This reminds me of the situation with searchlight shape: many different implementations of the same idea are possible, and we really need to be more specific when we report results: often papers don't specify the scheme they used.
Which permutation scheme is best? As usual, I doubt there is a single, all-purpose answer. I put together this little simulation to explore one part of the effect of the choice: what do the null distributions look like under each label permutation scheme? The short answer is that the null distributions look quite similar (normal and centered on chance), but there is a strong relationship between the proportion of labels permuted and accuracy when only the test or training set labels are permuted, but not when both are permuted.
simulationThese simulations use a simple mvpa-like dataset for one person, two classes (chance is 0.5), 10 examples of each class in each run, two runs, and full balance (same number of trials of each class in each run, no missings). I made the data by sampling from a normal distribution for each class, standard deviation 1, mean 0.15 for one class and -0.15 for the other, 50 voxels. I classified with a linear svm, c=1, partitioning on the runs (so 2-fold cross-validation). I used R; email me for a copy of the code. I ran the simulation 10 times (10 different datasets), with the same dataset used for each permutation scheme.
1500 label permutations of each sort (training-only, testing-only, both) were run, chosen at random from all those possible. I coded it up such that the same relabeling was used for each of the cross-validation folds when only the training or testing data labels were permuted (e.g. the classifier was trained on the 1st run of the real data, then the permuted label scheme was applied to the 2nd run and the classifier tested. Then the classifier was trained on the 2nd run of the real data, and the SAME permuted label scheme applied to the 1st run and the classifier tested.). This was simply for convenience, when coding, but restricts the number of possibilities; another example of how the same idea can be implemented multiple ways.
This is a moderately difficult classification: the average accuracy of the true-labeled data (i.e. not permuted) was 0.695, ranging from 0.55 to 0.775 over the 10 repetitions.
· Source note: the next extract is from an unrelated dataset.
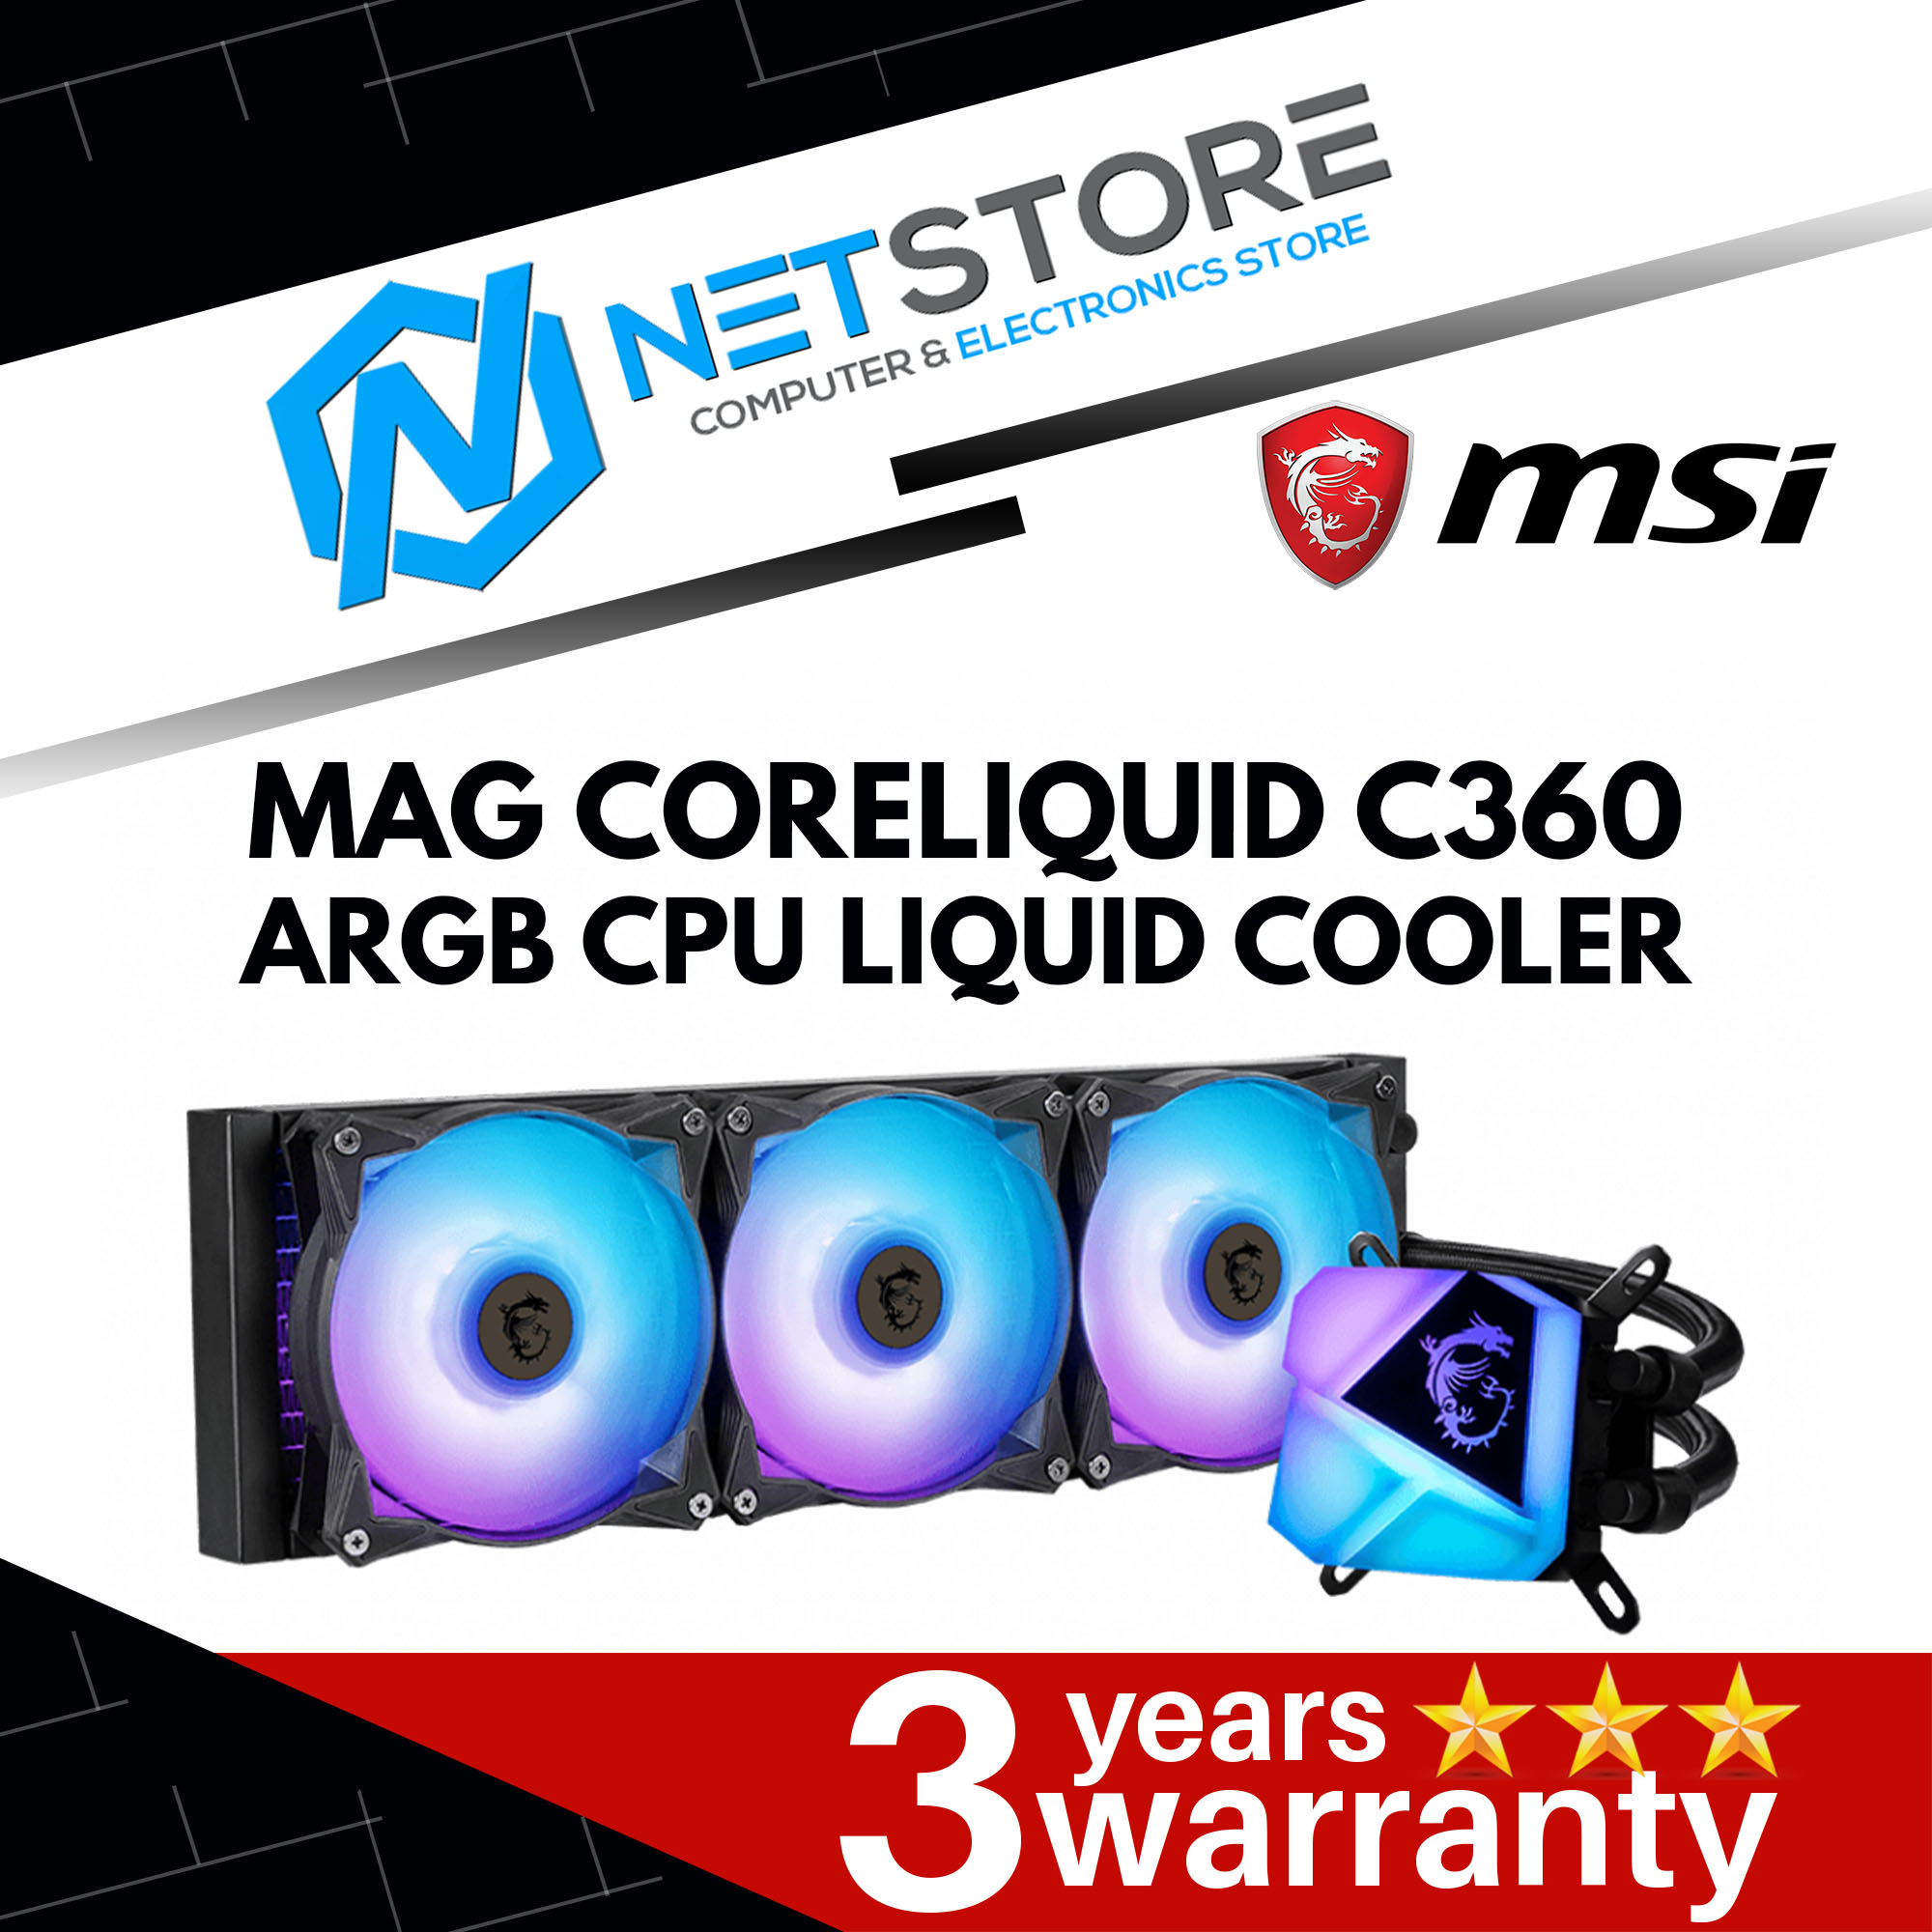 MSI MAG CORELIQUID C360 ARGB CPU LIQUID COOLER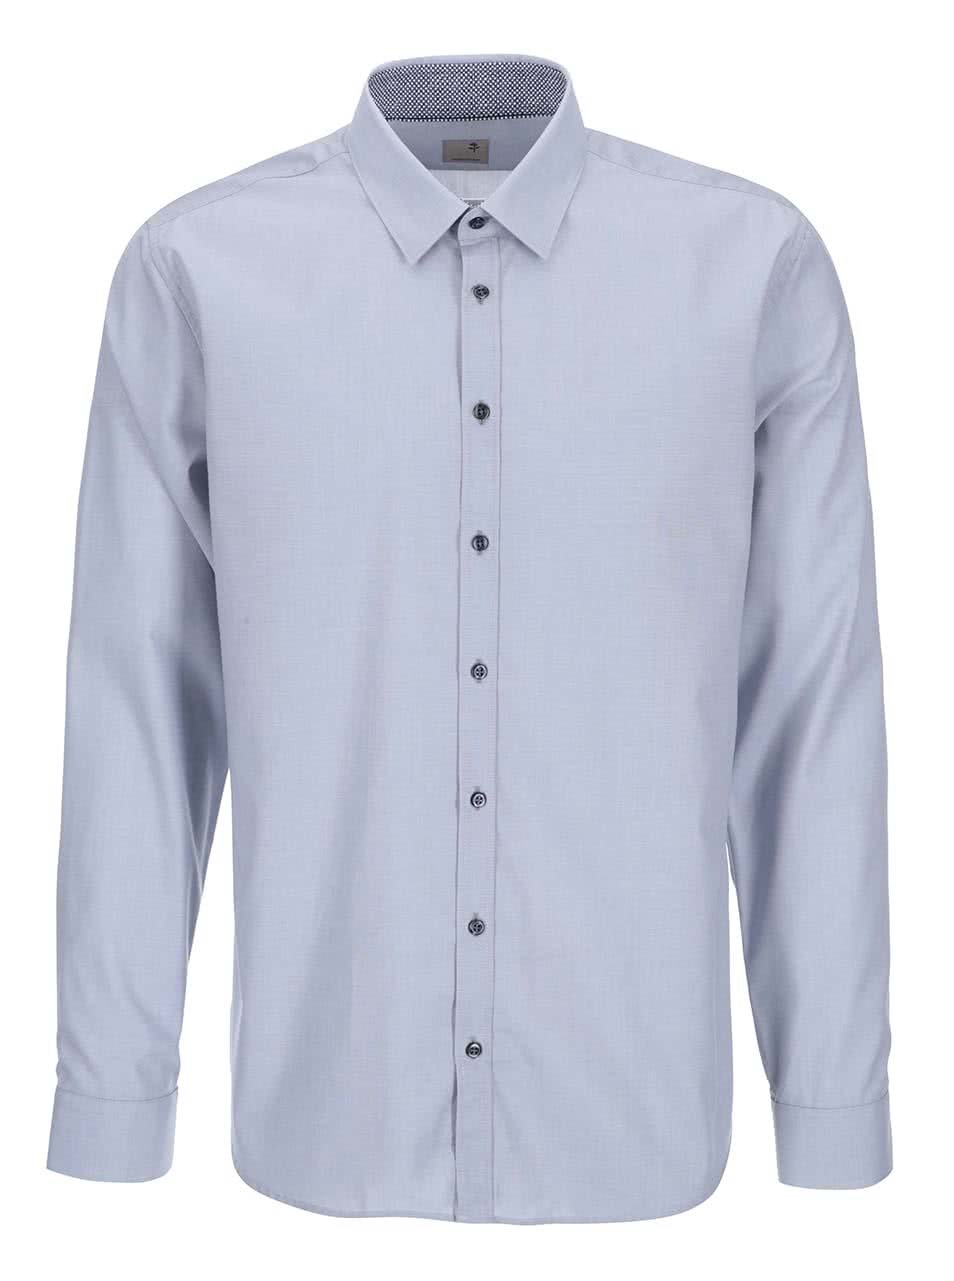 Modrošedá košile s jemným vzorem Seidensticker Modern Kent Patch

The accuracy of each dataset is given in the plot titles, and by a reddish dotted line.
For each permutation I recorded both the accuracy and the proportion of labels matching between that permutation and the real labels. When both training and testing labels are permuted this is an average over the two cross-validation folds. I plotted the classification accuracy of each permutation against the proportion of labels matching in the permutation and calculated the correlation. Histograms of each variable appear along the axes. These graphs are complicated, but enlarge if you click on them.
Training set labels only permuted:
Here are density plots of all 30 null distributions, overplotted. These are the curves that appear along the y-axis in the above graphs.
observationsThere is a strong linear relationship between the number of labels changed in a permutation and its accuracy when either the training or testing set labels alone are shuffled: the more the relabeling resembles the true data labels, the better the accuracy. When all labels are permuted there isn't much of a relationship.
Despite the strong correlation, the null distributions resulting from each permutation scheme are quite similar (density plot overlap graph). This makes sense, since the relabelings are chosen at random, so relabelings quite similar and quite dissimilar to the true labeling are included. The null distributions would be skewed if the labels for the permutations were not chosen at random (e.g. centered above chance if only mostly-matching relabelings were used).
commentsIntuitively, I prefer the permute-both scheme: more permutations are possible, and the strong correlation is absent. But since the resulting null distributions are so similar, I can't say that permuting just one set of labels or the other is really worse, much less invalid. This is quite a simplified simulation; I think it would be prudent to check null distributions and relabeling schemes in actual use, since non-random label samplings may turn up.
- Al-Rawi, M.S., Cunha, J.P.S., 2012. On using permutation tests to estimate the classification significance of functional magnetic resonance imaging data. Neurocomputing 82, 224-233. http://dx.doi.org/10.1016/j.neucom.2011.11.007
- Ojala, M., Garriga, G.C. Permutation tests for studying classifier performance. J. Mach. Learn. Res., 11 (2010), pp. 1833–1863.
- Pereira, F., Botvinick, M., 2011. Information mapping with pattern classifiers: A comparative study. Neuroimage 56, 476-496.
- Stelzer, J., Chen, Y., Turner, R., 2013. Statistical inference and multiple testing correction in classification-based multi-voxel pattern analysis (MVPA): Random permutations and cluster size control. Neuroimage 65, 69-82.